Removed code duplication between the __init__ and the update methods.

Misc. cleanup.

Also, based on code from Tim Wegener:

  • added the rename method;
  • removed a has_key usage in the __setitem__ method.

Documentation

Moved the ISSUES chapter from code's tail docstring to here.

Moved up the Creating an Ordered Dictionary chapter.

Added prompts to the code examples (why were they missing?) and removed the superfluous print statements (sometimes they were there, sometimes they were not).

Misc. cleanup.

2005/12/17

You can now test for equality and inequality with objects (except for dictionaries for which it is undefined). This allows you to do tests like:

OrderedDict() == False

Added the strict keyword, which raises a ValueError if you do slice assignment with keys that are already in the dictionary.

Assignment to keys in SequenceOrderedDict is now only for re-ordering the keys.

Fixed bug where slice assignment to keys could lose information. (and optimised by slicing ranges to get the indexes we are assigning to instead of indexing each key).

You change keys, items, and values through new methods setkeys, setitems, and setvalues methods.

Minor changes, thanks to Christoph Zwerschke for suggestions.

Added __deepcopy__ method (previously deepcopy failed).

Changed use of slice to types.SliceType for Python 2.2.

Version 0.2.1

2005/12/02

Fixed bugs in __getattr__ and popitem

Optimisation in OrderedDict.__init__ when creating an instance from an OrderedDict

Changed FancyODict to SequenceOrderedDict

Implemented new __repr__

Version 0.2.0

2005/12/01

Added index to OrderedDict.popitem

2005/11/30

Implemented FancyODict, which has keys, items, values as custom, callable, sequence objects.

2005/11/26

By Michael Foord - from suggestions on comp.lang.python

Hidden the sequence attribute

items, keys, values can now take a list to replace the current keys, values, or items

Implemented slicing (including deleting a slice and assigning to a slice)

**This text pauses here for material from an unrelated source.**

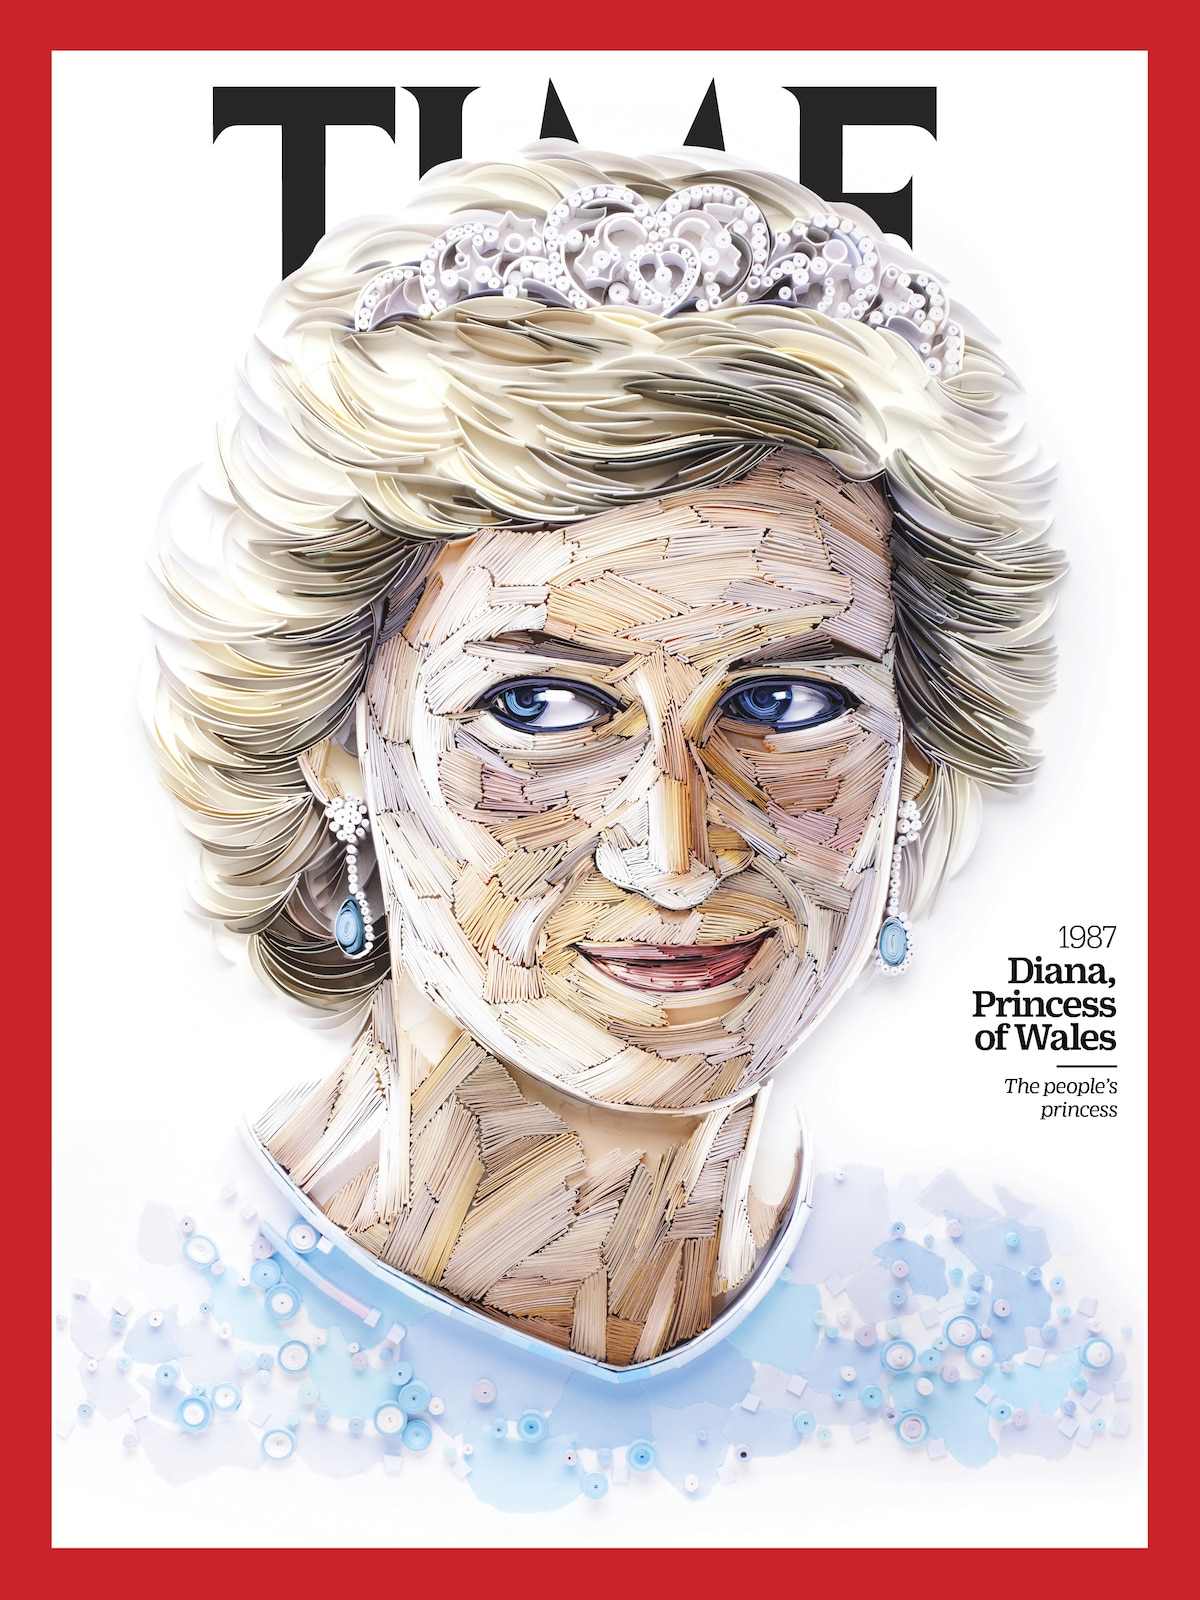 Portada del TIME de la princesa Diana

Implemented sequence methods sort, reverse, insert, index

2005/09/10

By Nicola Larosa, based on code from Tim Wegener.

Create itervalues and iteritems without creating the list up-front

Added doctests for iter methods, and others.

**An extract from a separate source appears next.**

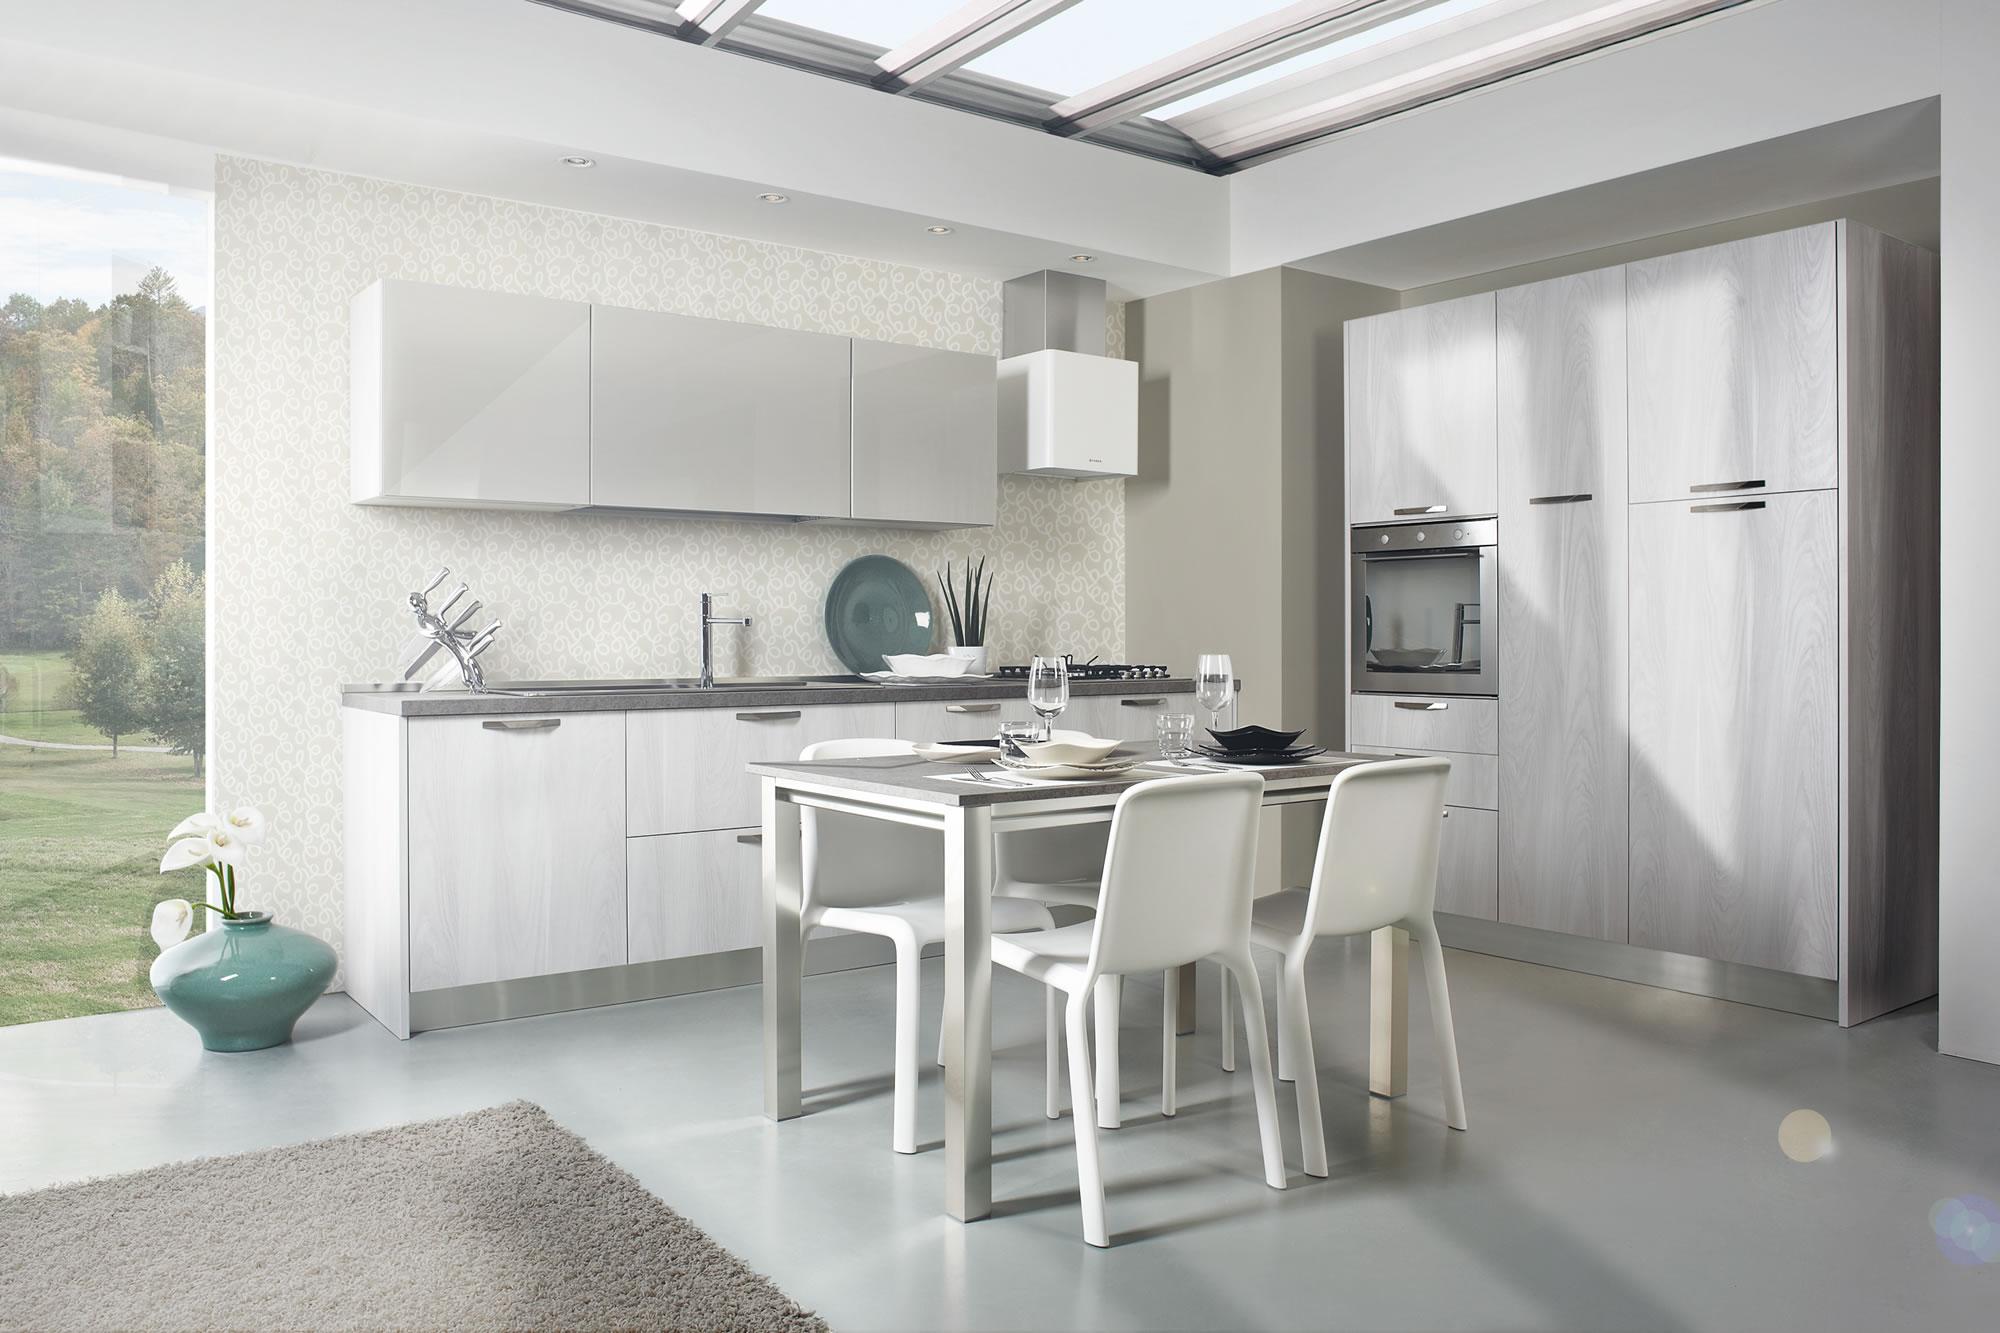 Cucine bianche design contemporaneo componibili laminato for Immagini cucine

Optimized __setitem__ to be O(1) rather than O(N)

Removed redefined methods that did not alter dict method behaviour,
related doctests moved to the class docstring

Added support for sequences of (key, value) pairs to update

Removed redundant condition from __eq__

Removed incorrect implementation of __str__

2005/08/28

By Michael Foord

Added __all__

More than two arguments to pop now raises an error

Version 0.1.0 finalised

2005/08/13

By Nicola Larosa

Added doctests everywhere, fixed a good chunk of implementation

Added comments at top, other doc vars

2005/08/01

By Michael Foord

Type tests changed to isinstance

_keys changed to sequence attribute

Allowed creating a dictionary by passing keyword arguments

Shortened __repr__

Fixed bug in popitem

Other minor changes


Footnotes

[1]Online at http://www.voidspace.org.uk/python/license.shtml
[2]Online at http://www.voidspace.org.uk/python/pythonutils.html
[3]Implementing an ordered dictionary in C would change this.